Cigarros de chocolate e o golpe da memória afetiva

Detonou uma torrente de nostalgia a notícia da falência da fábrica de chocolates Pan. A Pan, é necessário explicar para quem encarnou a menos de meio século, ficou famosa por vender cigarrinhos de chocolate –que tinham, na embalagem, fotos de meninos segurando o doce como um fumante adulto empunha o cigarro.

Os cigarrinhos mantiveram o formato, mas a mudança de humores do mundo os obrigou a se fantasiar de lápis. Eu prefiro comer folhas de tabaco a comer grafite, mas enfim…

Como eu dizia, a nostalgia dos tiozões inundou as redes sociais. Ai, as passas com chocolate. Ai, as bolinhas de conhaque…

Se tem algo em que a gente nunca deve confiar, é na memória afetiva. Reencontrar sensações de tempos passados é a certeza da decepção.

Vale, especialmente, para os doces baratos que nos davam na infância. Eu comia as moedinhas de chocolate da Pan, pois meus pais já não gostavam de me ver brincando de fumar (pouco adiantou, aos 16 anos eu comecei a fumar e só fui parar aos 35).

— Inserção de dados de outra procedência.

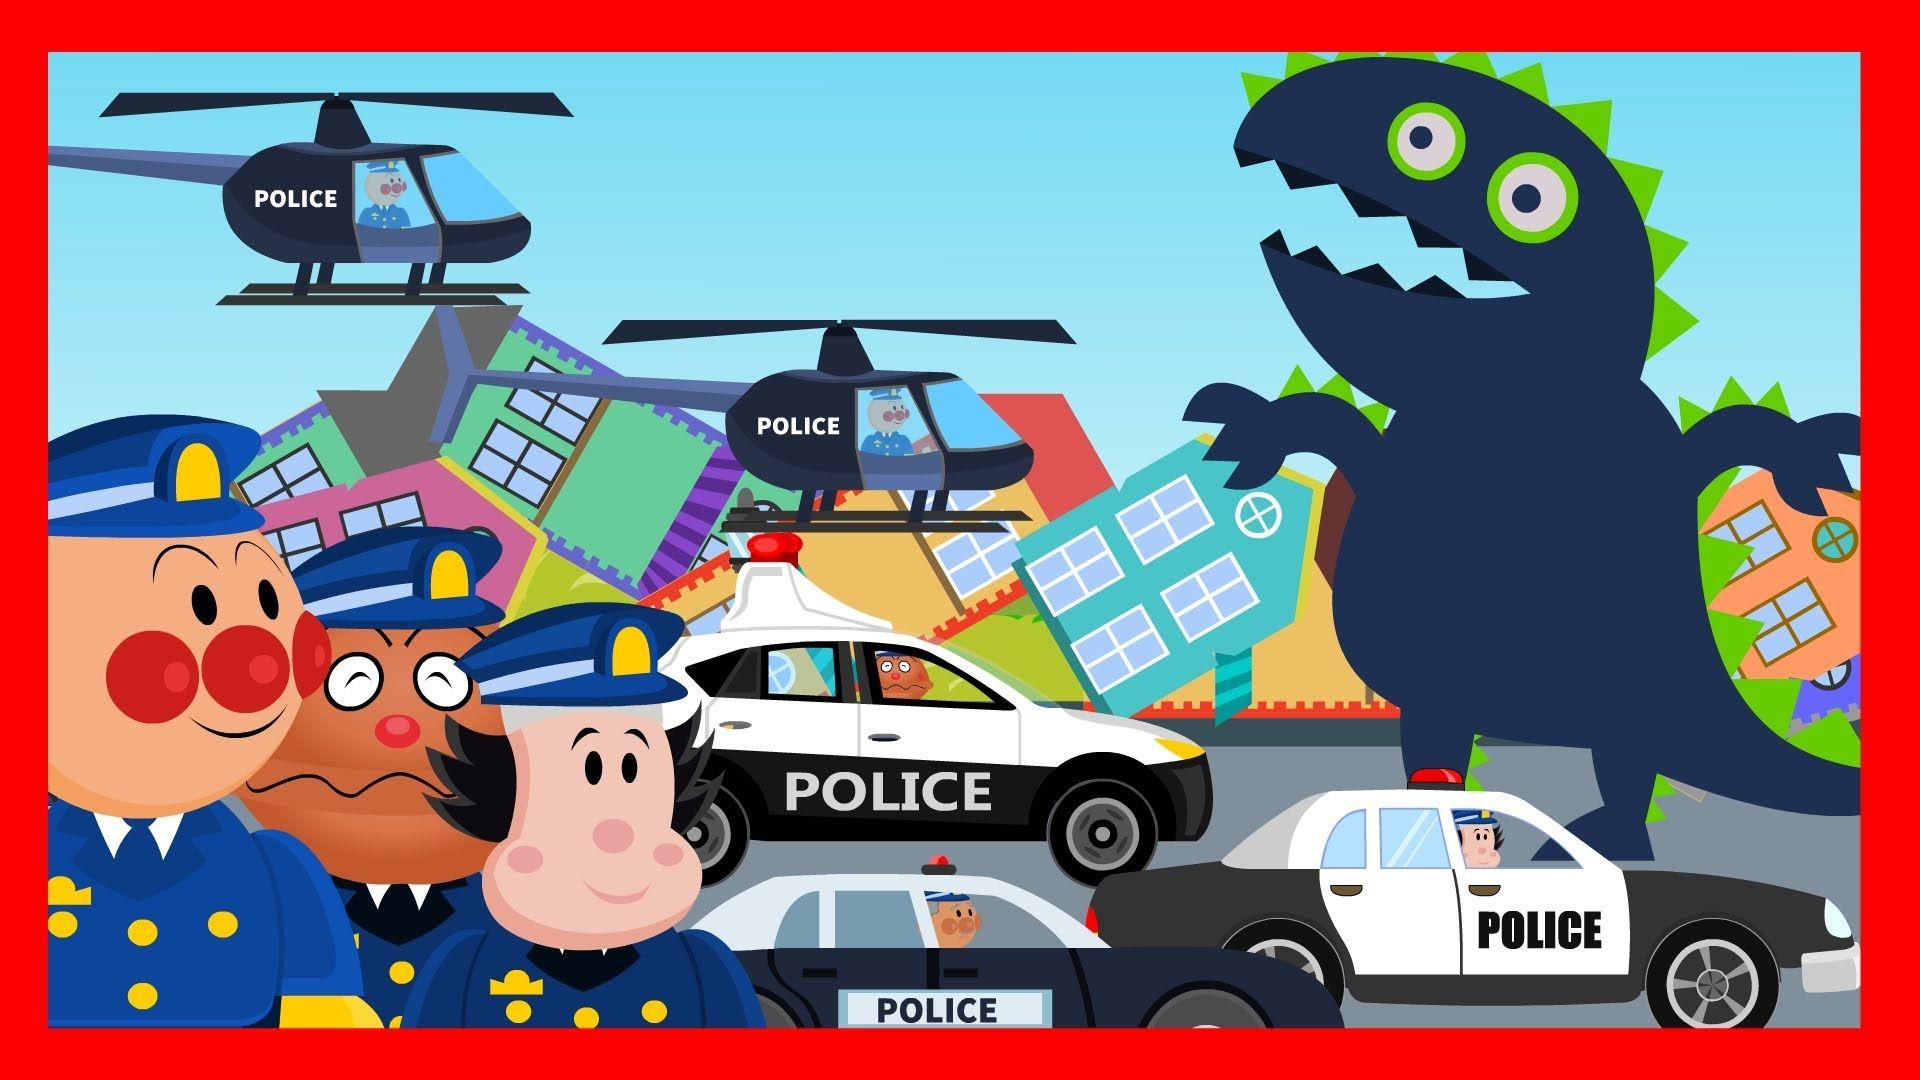 Anpanman Toys Anime Episode 30 Anpanman Police Battle

Eu sei perfeitamente que o chocolate das moedas é ordinário –e não porque tenha piorado ao longo do tempo. Eu que era criança e gostava de comer porcaria.

A Pan tem plena consciência de que vive (vivia?) da memória afetiva da minha geração. Tanto que o slogan da empresa é “o doce sabor da infância a gente não esquece”.

Esquece, sim. Ou melhor, transforma de acordo com os novos gostos adquiridos, transmutando-o na lembrança de algo que nunca existiu de fato.

Vale também, infelizmente, para memórias mais pessoais. A carne assada daquela tia que você não visitava há décadas, por exemplo. Não foi que ela ficou velha e perdeu a mão na cozinha… você que tinha uma memória romantizada da própria juventude.

Dar-se conta disso é libertador. Você evolui, tudo bem, o macarrão da vó não vai ficar chateado com isso.

Mas as pessoas insistem em se apegar à memória afetiva. “Ah, a cerveja tal era mil vezes melhor quando usava água de poço em Agudos.”

Sinceramente, não é impossível nem improvável que tenham alterado a receita da tal cerveja. Só que é absolutamente certo que você aprendeu a beber melhor e, se fosse confrontado com a cerveja daquele tempo, acharia ruim do mesmo jeito.

É para a frente que se anda.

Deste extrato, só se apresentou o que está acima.